We have been informed that exhibit 2, a document in the German language with the title of "Bestatigung," amounts to a certificate in the nature of a police record issued and executed by a German civil official of the city of Augsburg, which among other things reflects in the German language a copy of a complaint lodged against the subject of the certificate for which he was tried and convicted in the ordinary military court at Augsburg on March 28, 1947. It has been brought to our attention that the German word "Beschimpfung," found in that portion of the certificate which refers to the offense under consideration, does not connote, nor can it be translated as referring to the use of any force or the threat of the use of any force. The English equivalent, according to the translation attached, is "insulting." Another equivalent, we have been informed, is "using improper language" or "having a verbal exchange in a loud voice."

It is apparent from the foregoing that there is a conflict between the charges set forth in exhibits 1 and 2. Exhibit 2 supports the appellant's version of the incident as brought out by his testimony before the board of special inquiry ( supra).
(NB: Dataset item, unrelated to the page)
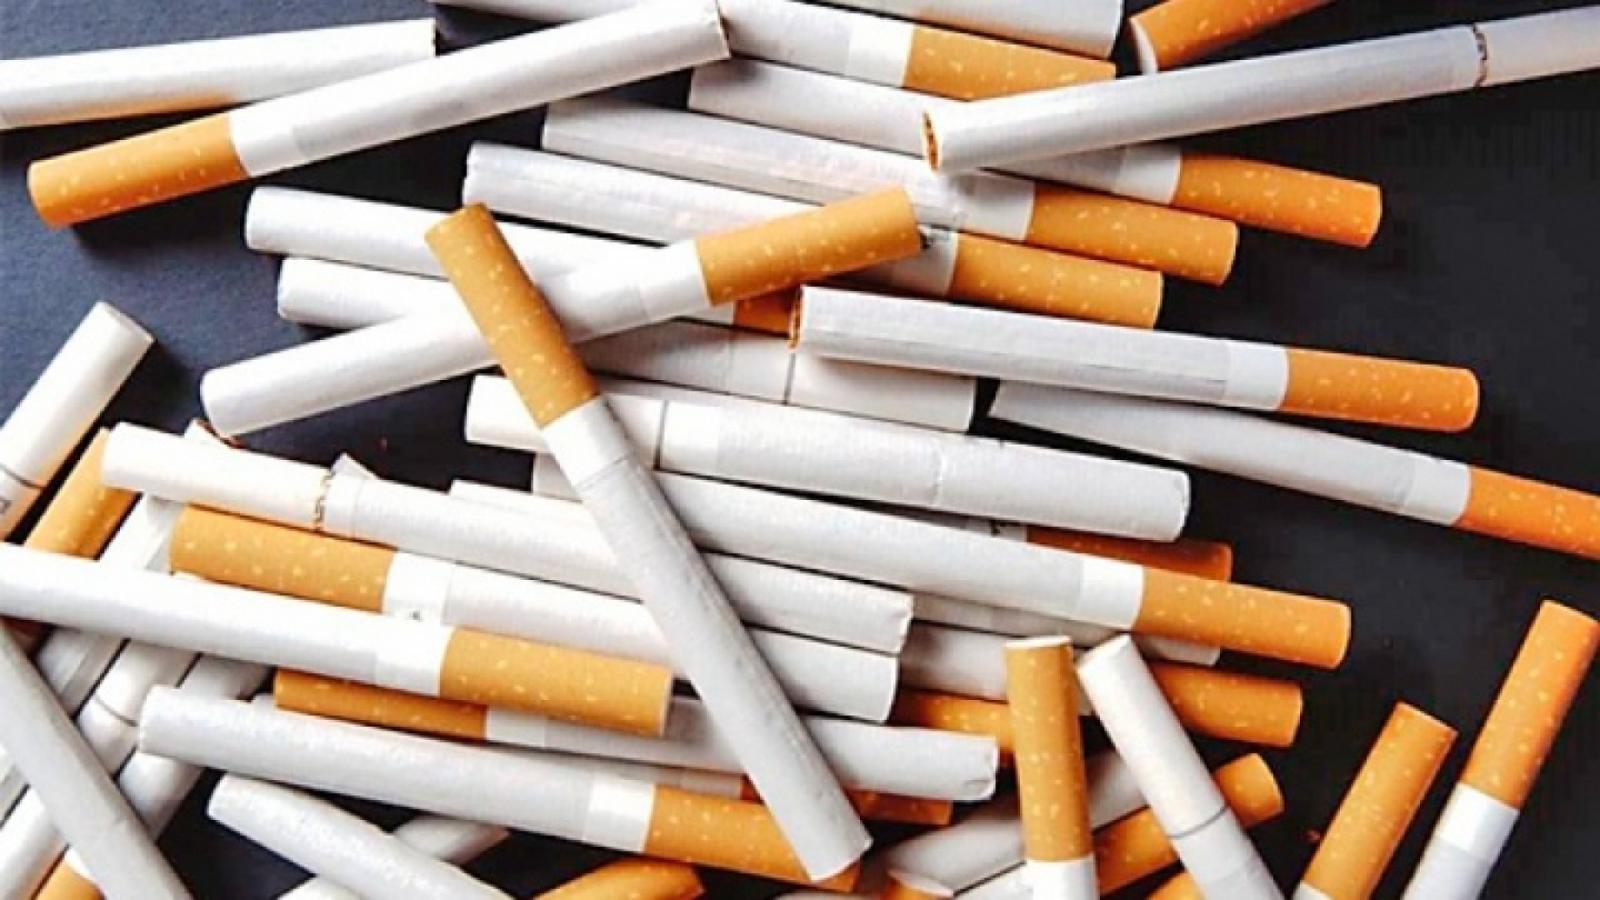 За пачку сигарет теперь придется отдать минимум 108 рублей #Новости #Общество #Омск

Exhibit 1 is silent as to the nature and character of the "force and threats" employed by the appellant against the police officer. The descriptive portion of exhibit 2 charges that appellant merely engaged in a "verbal exchange" or "insulted a German policeman exercising his duty." There is no showing that force or violence accompanied the verbal exchange. The rationale, therefore, is that section 115 of the German Penal Code, like the related section 113, is broad enough to encompass a passive resistance as well as one accompanied by force and violence.

There is no offense under section 115 of the German Criminal Code ( supra), unless an act set forth in either section 113 or 114 of the code is committed during the public demonstration. The description of the offense, both in exhibits 1 and 2, reflects that only section 113 is applicable here. We find on the record before us that a conviction under section 115 of the German Penal Code may be obtained notwithstanding the fact that the accused did not know that the person assaulted was a police officer. We also find that section 115 is broad enough to encompass acts which do involve moral turpitude as well as those which do not. Since the minimum requirement must serve as the test ( Mylius v. Uhl, 210 Fed. 860), we conclude that on this record the appellant has not been convicted of a crime involving moral turpitude. The criminal ground for exclusion is not sustained.

The Acting Assistant Commissioner, in addition to the criminal ground of inadmissibility against the principal appellant, also finds the appellants inadmissible because not in possession of unexpired immigration visas. The visas were valid at the time the appellants applied for admission to the United States. Accordingly, the documentary grounds of inadmissibility are not sustained.

Order: It is ordered that the appeal be sustained.